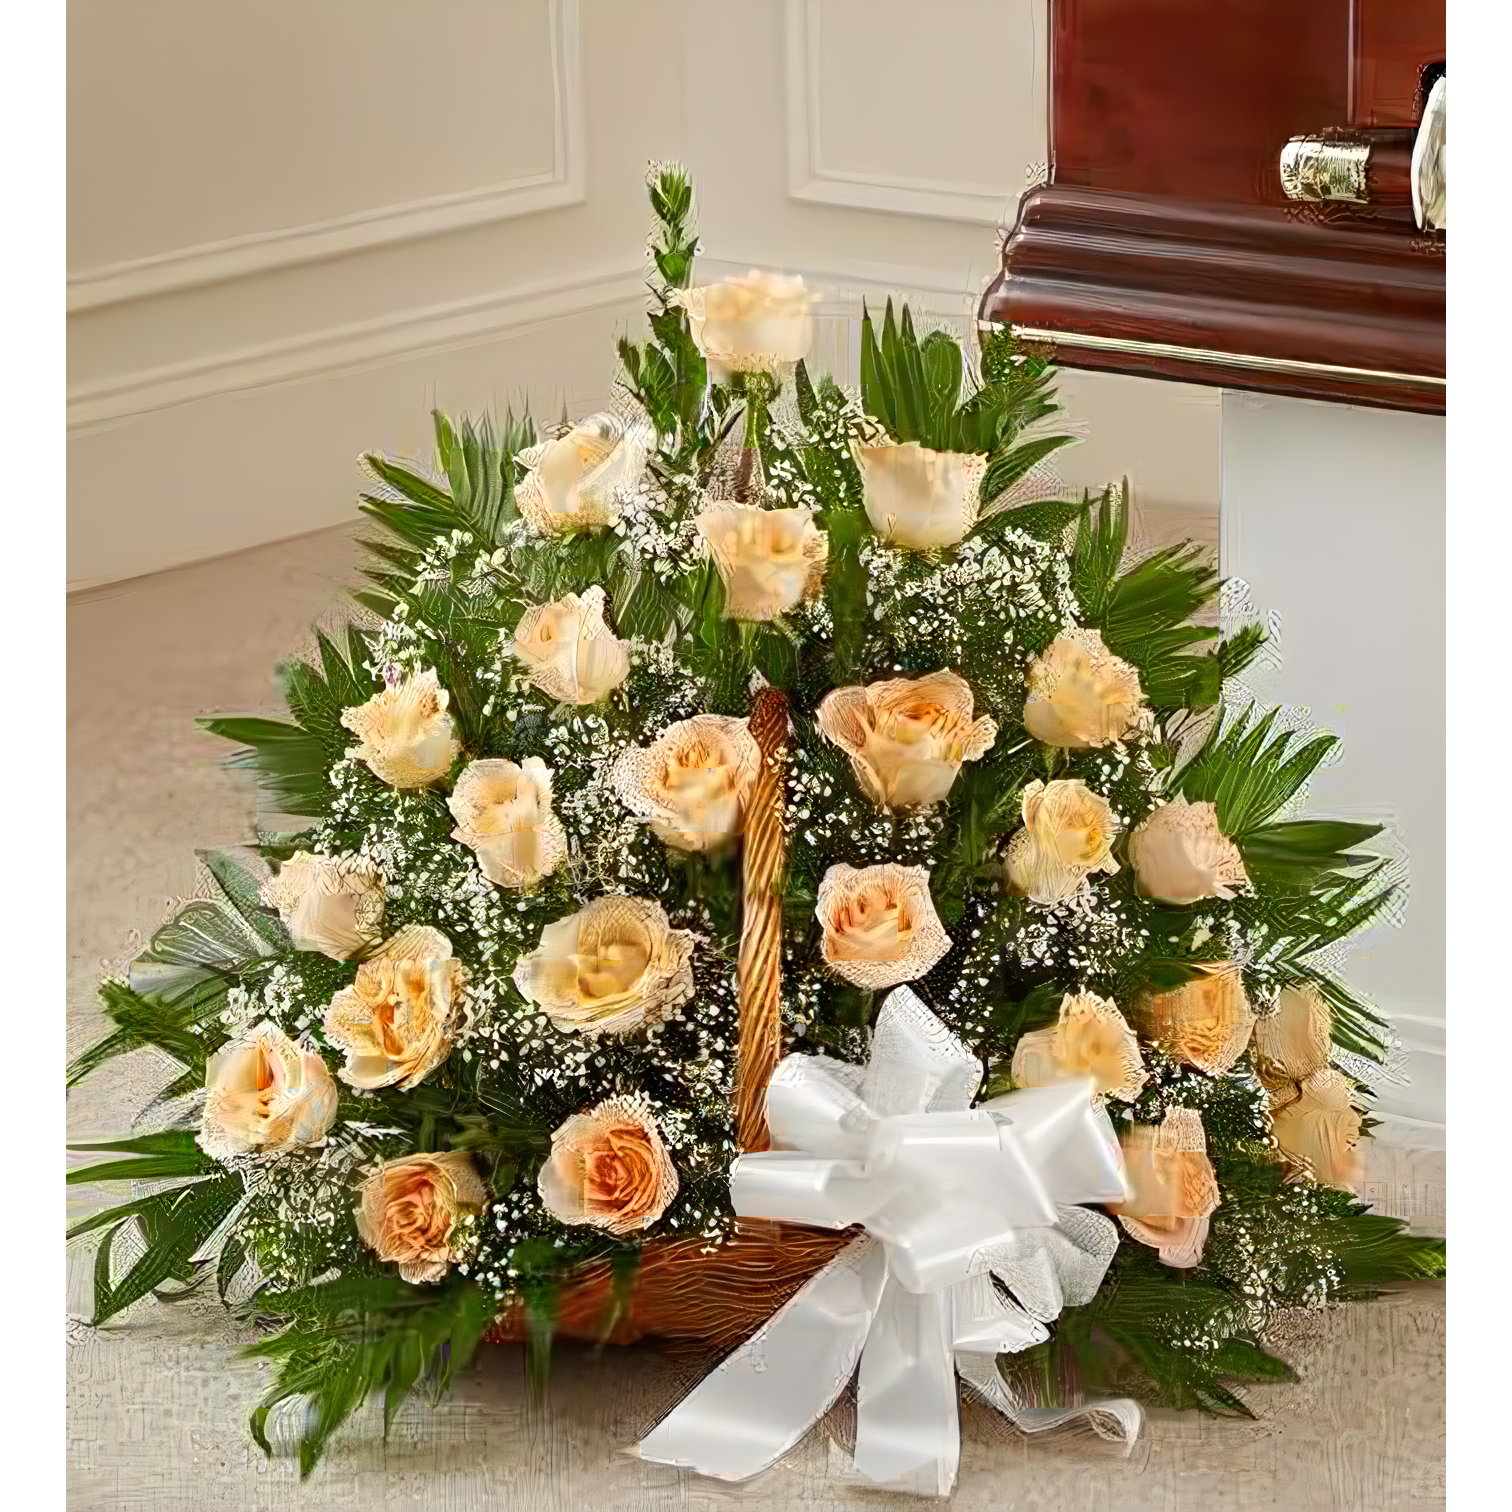 Manhattan Flower Delivery - Sincerest Sympathy Fireside Basket - Funeral > For the Service
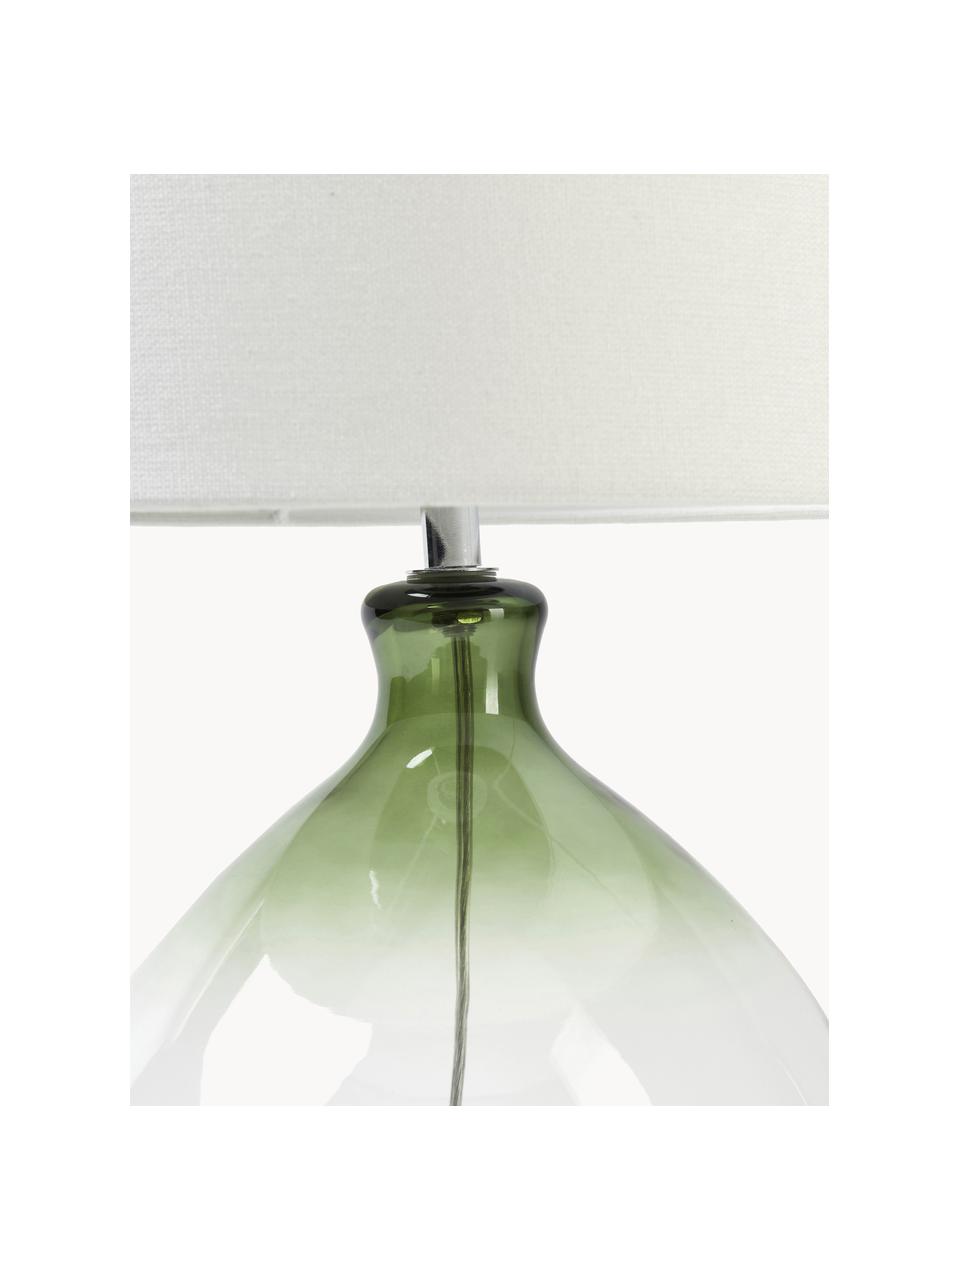 Grande lampe à poser en verre Zoya, Blanc, vert, Ø 30 x haut. 51 cm
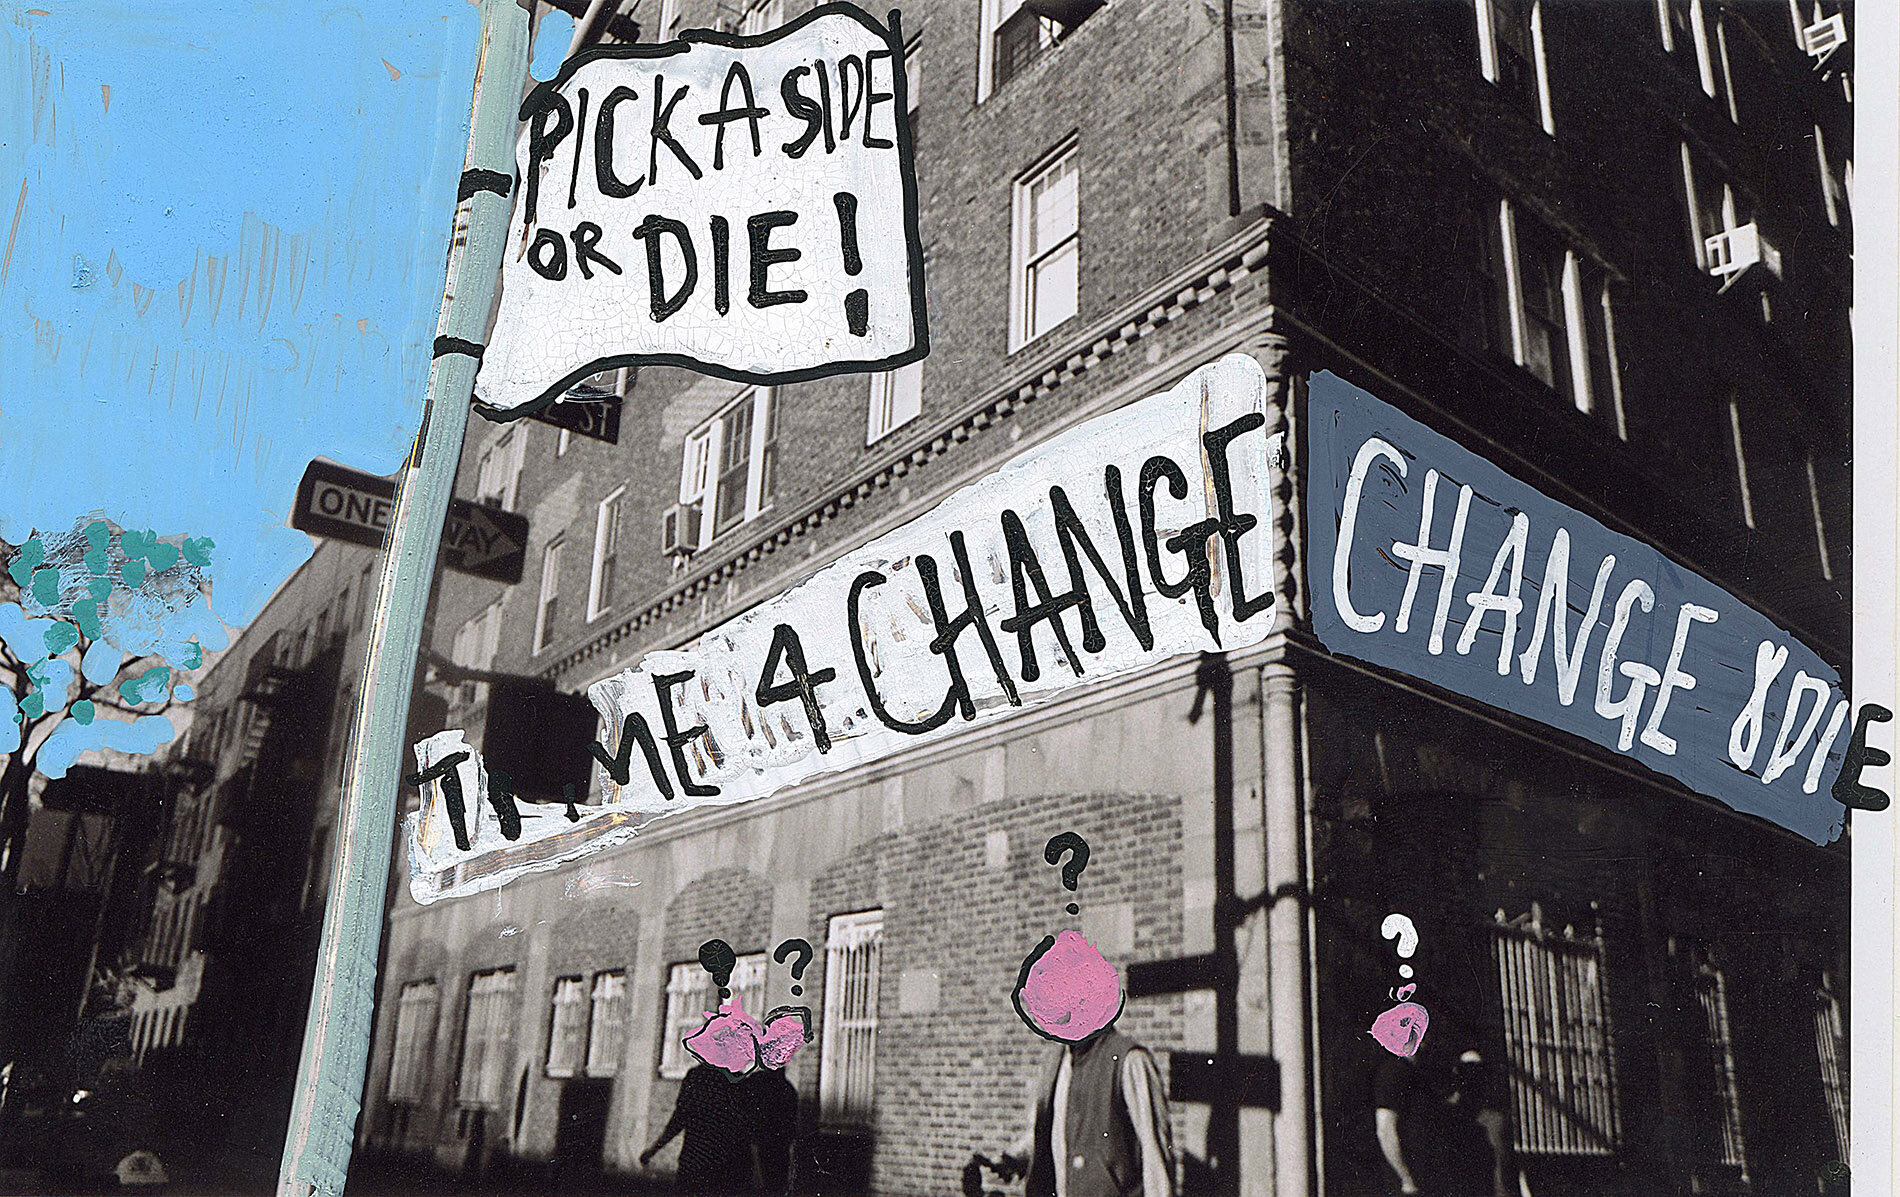  ‘Change or Die’ 2015, Berlin, Inkjet photograph &amp; Acrylic, 10x15cm 
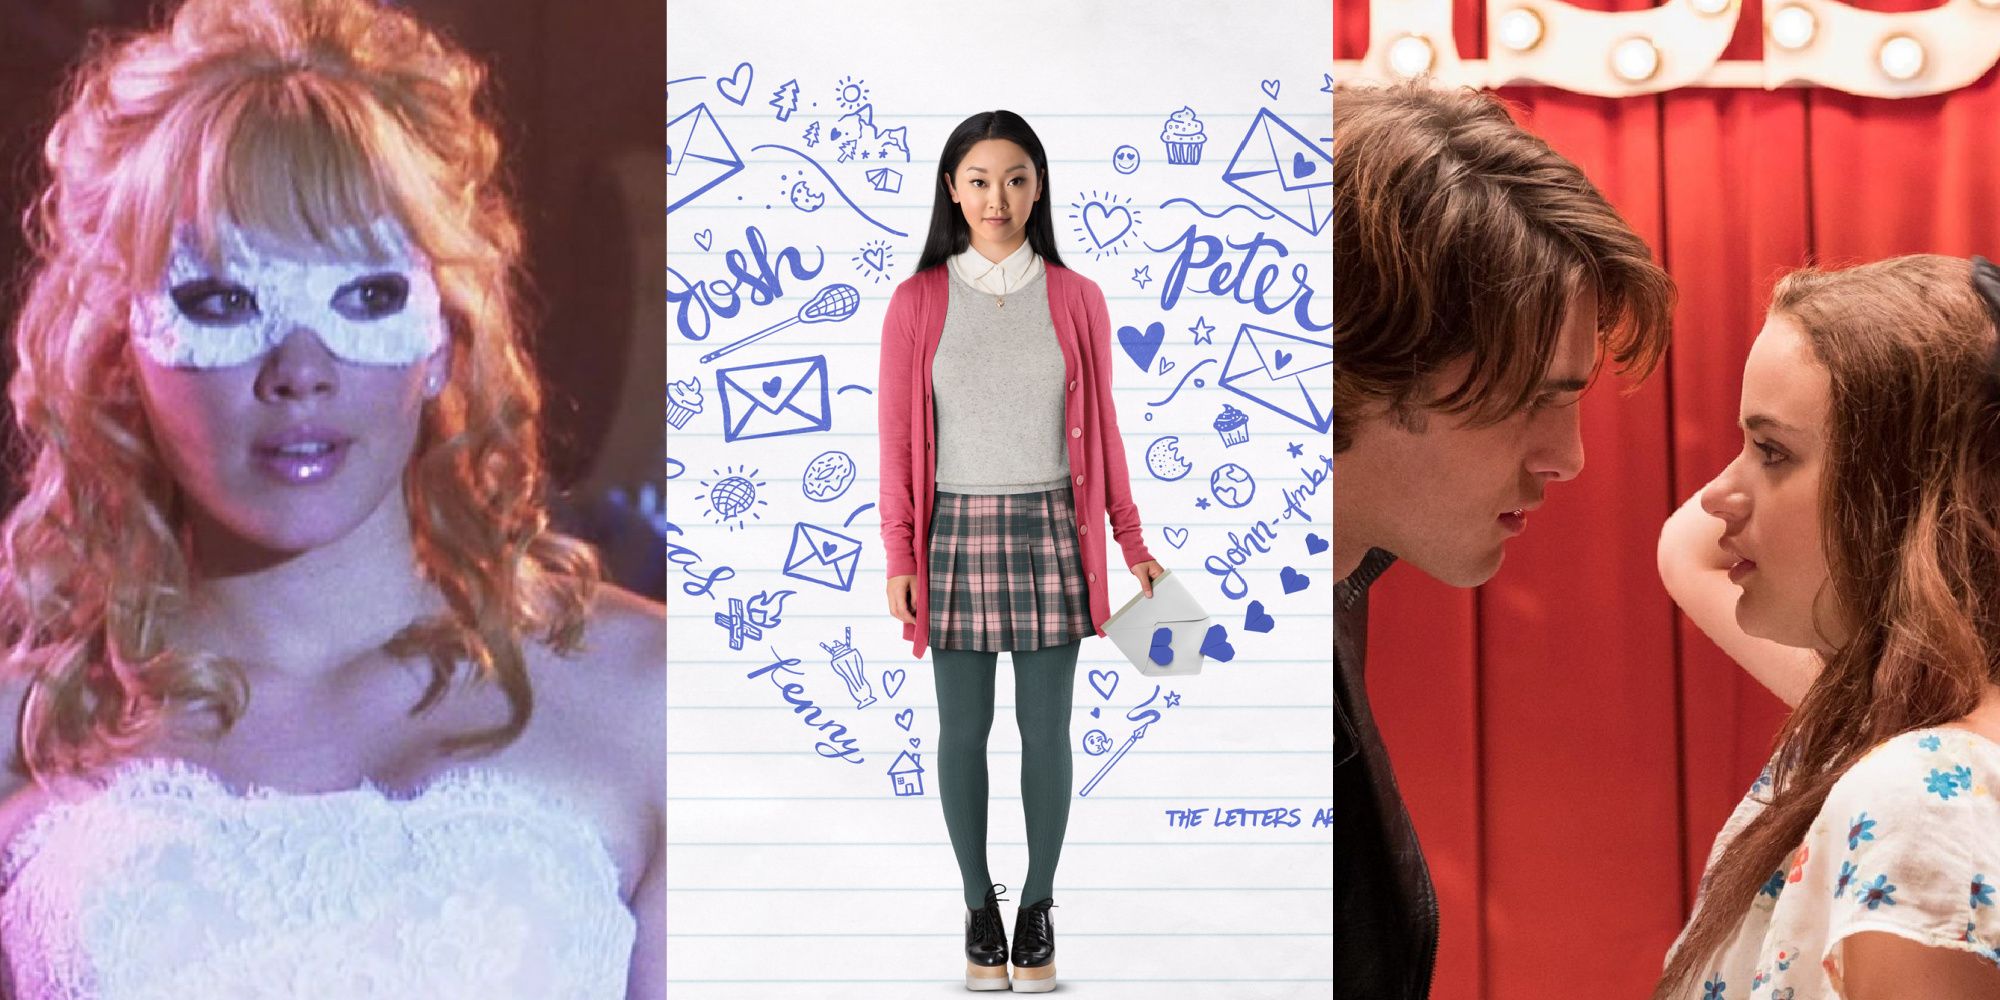 10 Best Romantic Comedies On Netflix, According To Ranker
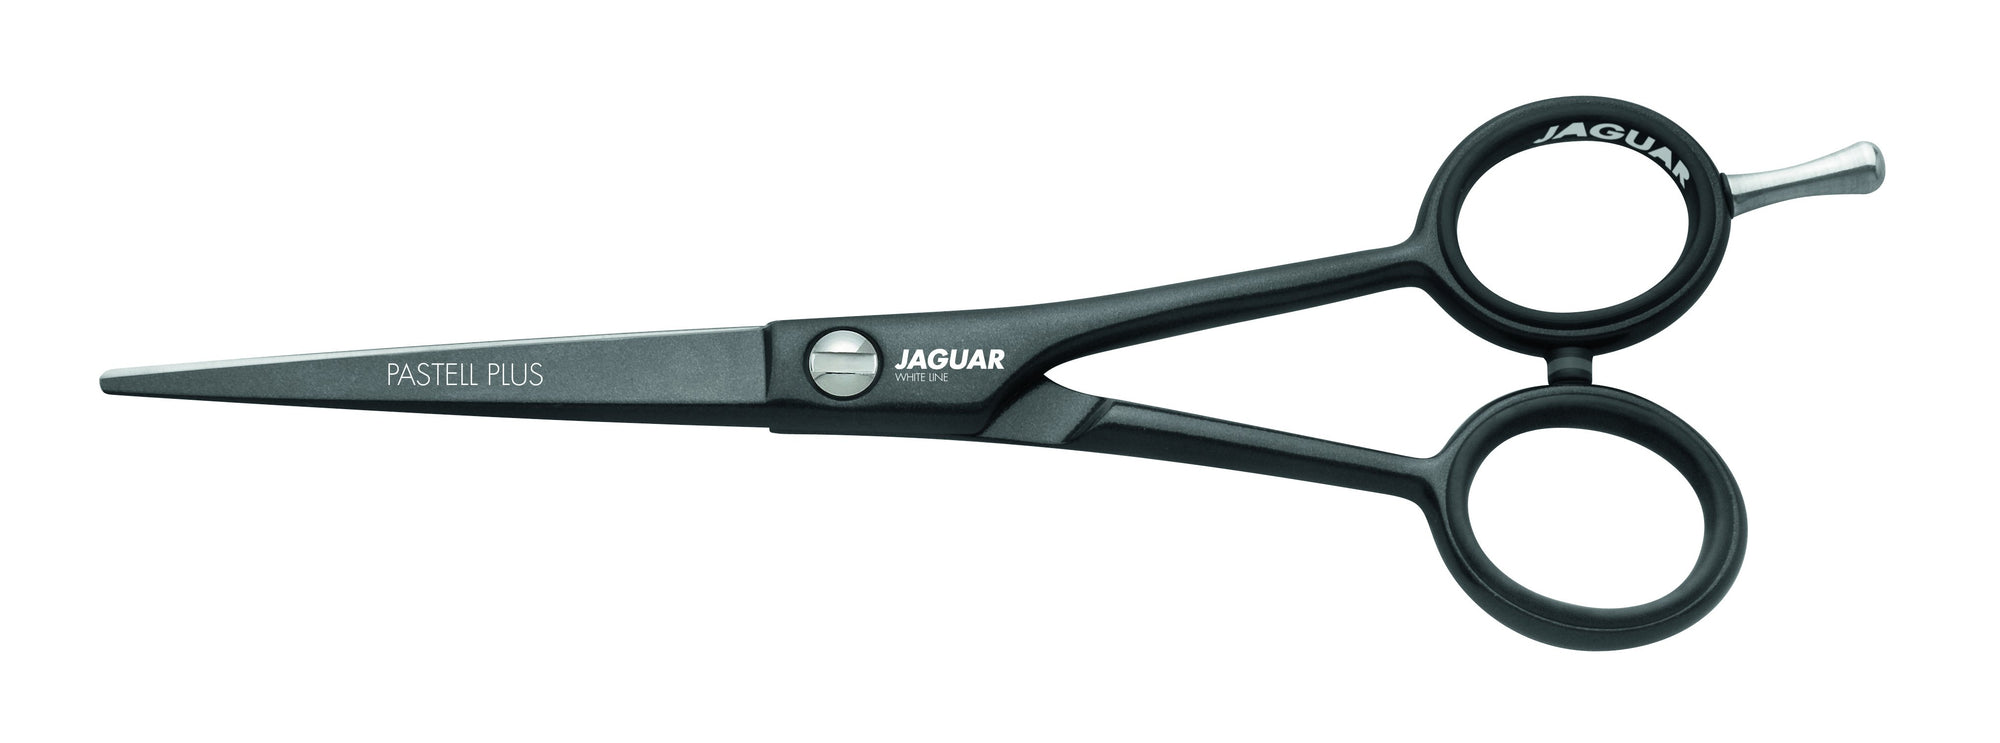 Jaguar Pastell Plus Lava (4397234749523)

━━━━━━━━

* **What the task requires**
Each of the entries above must be copied exactly, but the pictures stay out.

* **Problem solution**
 Manhattan Flower Delivery - Sincerest Sympathy Fireside Basket - Funeral > For the Service
 Grande lampe à poser en verre Zoya, Blanc, vert, Ø 30 x haut. 51 cm
  ‘Change or Die’ 2015, Berlin, Inkjet photograph &amp; Acrylic, 10x15cm 
 10 Best Romantic Comedies On Netflix, According To Ranker
 Jaguar Pastell Plus Lava (4397234749523)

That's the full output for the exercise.